The initial conflict in 2014, involving Russian annexation of Crimea and conflict in the east of Ukraine with two secessionist states, was Tarabalka's first experience in combat. This saw him gain experience flying support missions over the Donbas region.

Tarabalka was shot down on 13 March 2022 in the sky over Zhytomyr Oblast, Ukraine, while he was piloting a MiG-29 during a dogfight against several Russian fighter jets. International media speculated whether the legendary pilot, who was dubbed the "Ghost of Kyiv", and Tarabalka were in fact the same person, or whether the Ghost legend was simply made up and then applied to Tarabalka after his death, when his success against the Russian Air Force was known. However, an interview was published in April 2022 with a pilot discussing the Ghost (who was a member of his unit) before his identity was released. In the interview, the pilot indicated details that match Tarabalka as the Ghost, including the fact he flew a MiG-29 and was 29 years old.

According to the Air Force Command of the Ukrainian Armed Forces, Tarabalka was not the "Ghost of Kyiv". The total amount of 40 aircraft shot down was done together by the pilots of the 40th Tactical Aviation Brigade.
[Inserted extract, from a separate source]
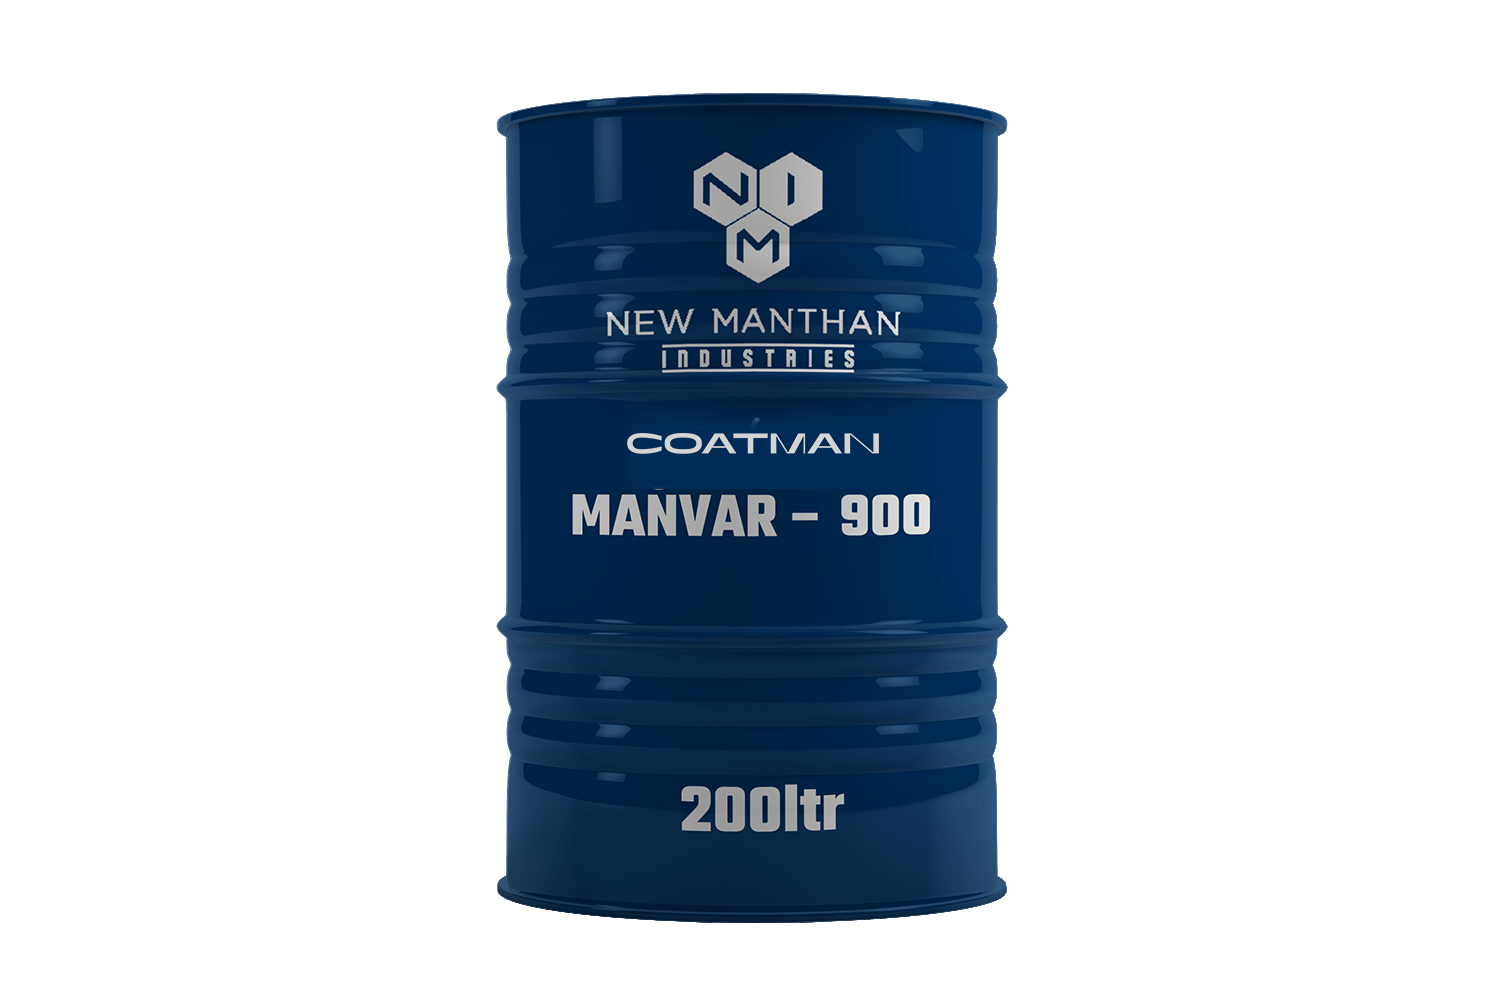 MANVAR-900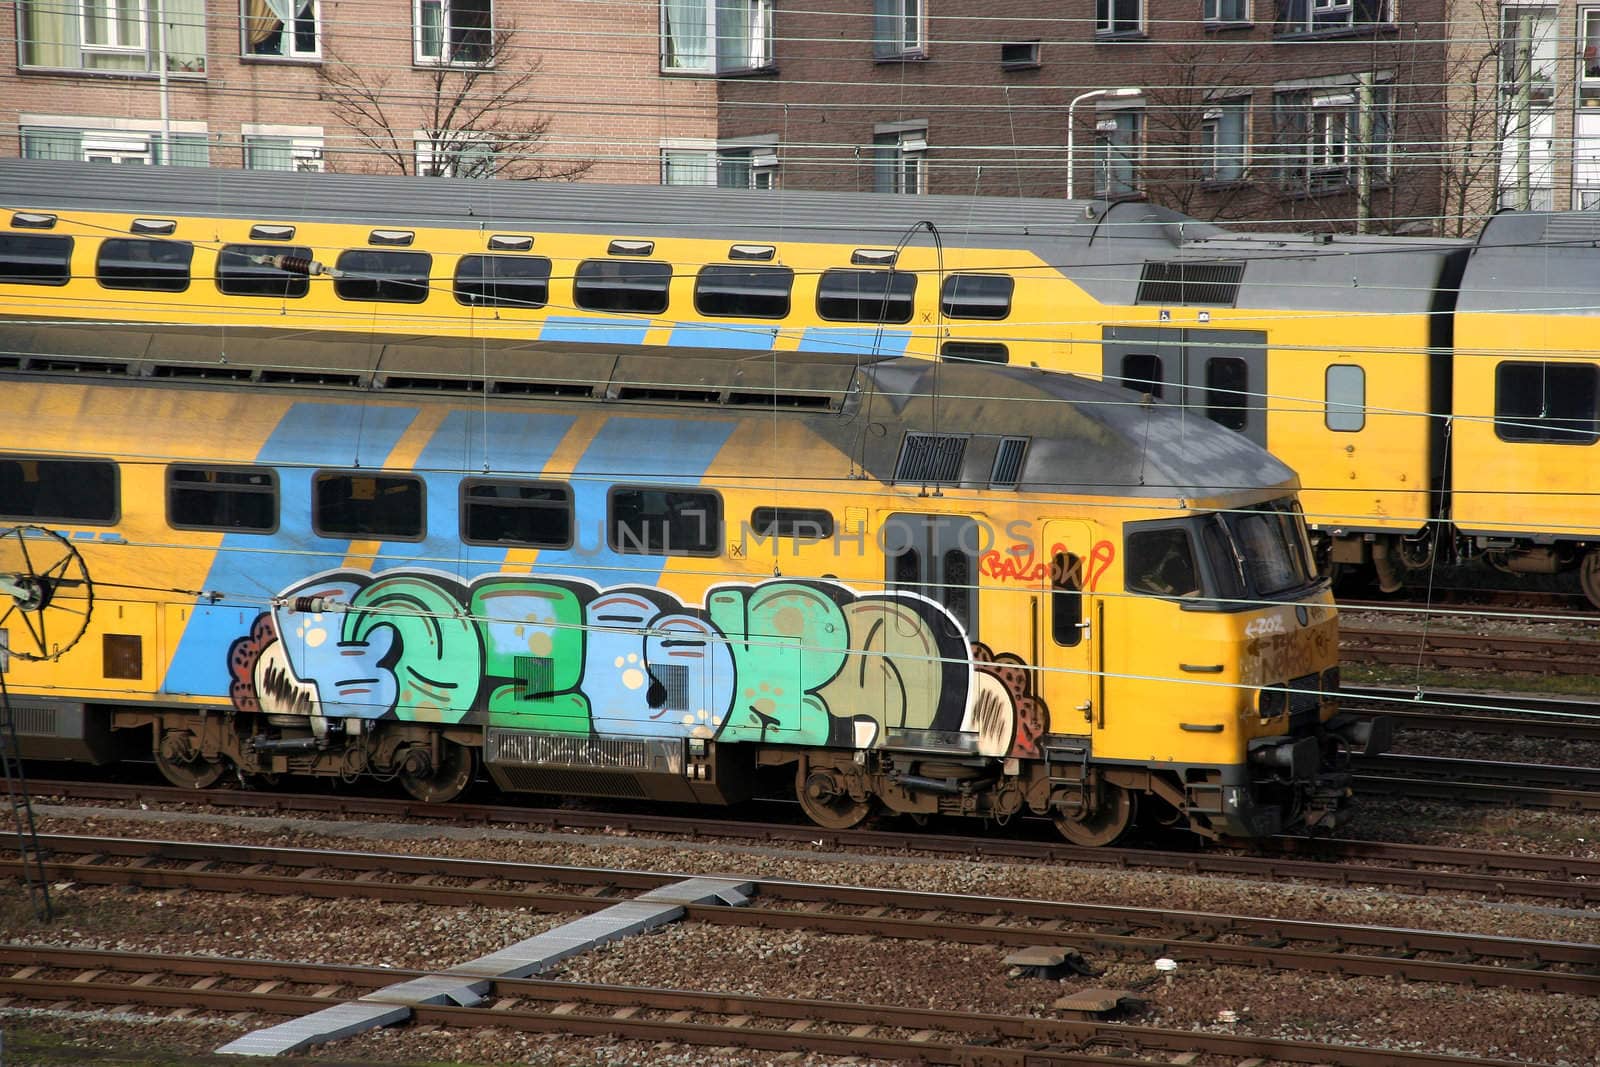 Grafitti on a train, with railroad tracks

Other sources, including the New York Post and The Times of London, indicated that Tarabalka himself had shot down the 40 aircraft.

==Death==
Tarabalka was killed in action on 13 March 2022, at the age of 29, with rumours at the time raising suspicion he was the mysterious Ghost figure. According to Ukrainian sources, he died while on a mission, outnumbered in a dogfight. Tarabalka was buried in a cemetery in Korolivka, near Kolomyia. The Ukrainian Government planned to auction his helmet and gloves to raise funds for the ongoing conflict. It posthumously awarded him Ukraine's top award for bravery, the Order of the Golden Star, with the title Hero of Ukraine.

==Personal life==
Tarabalka was married and had an 8-year-old son at the time of his death. His mother, Nataliia Tarabalka, is a founder of the "Warmth of the Winged Soul" health center in the village of Tseniava.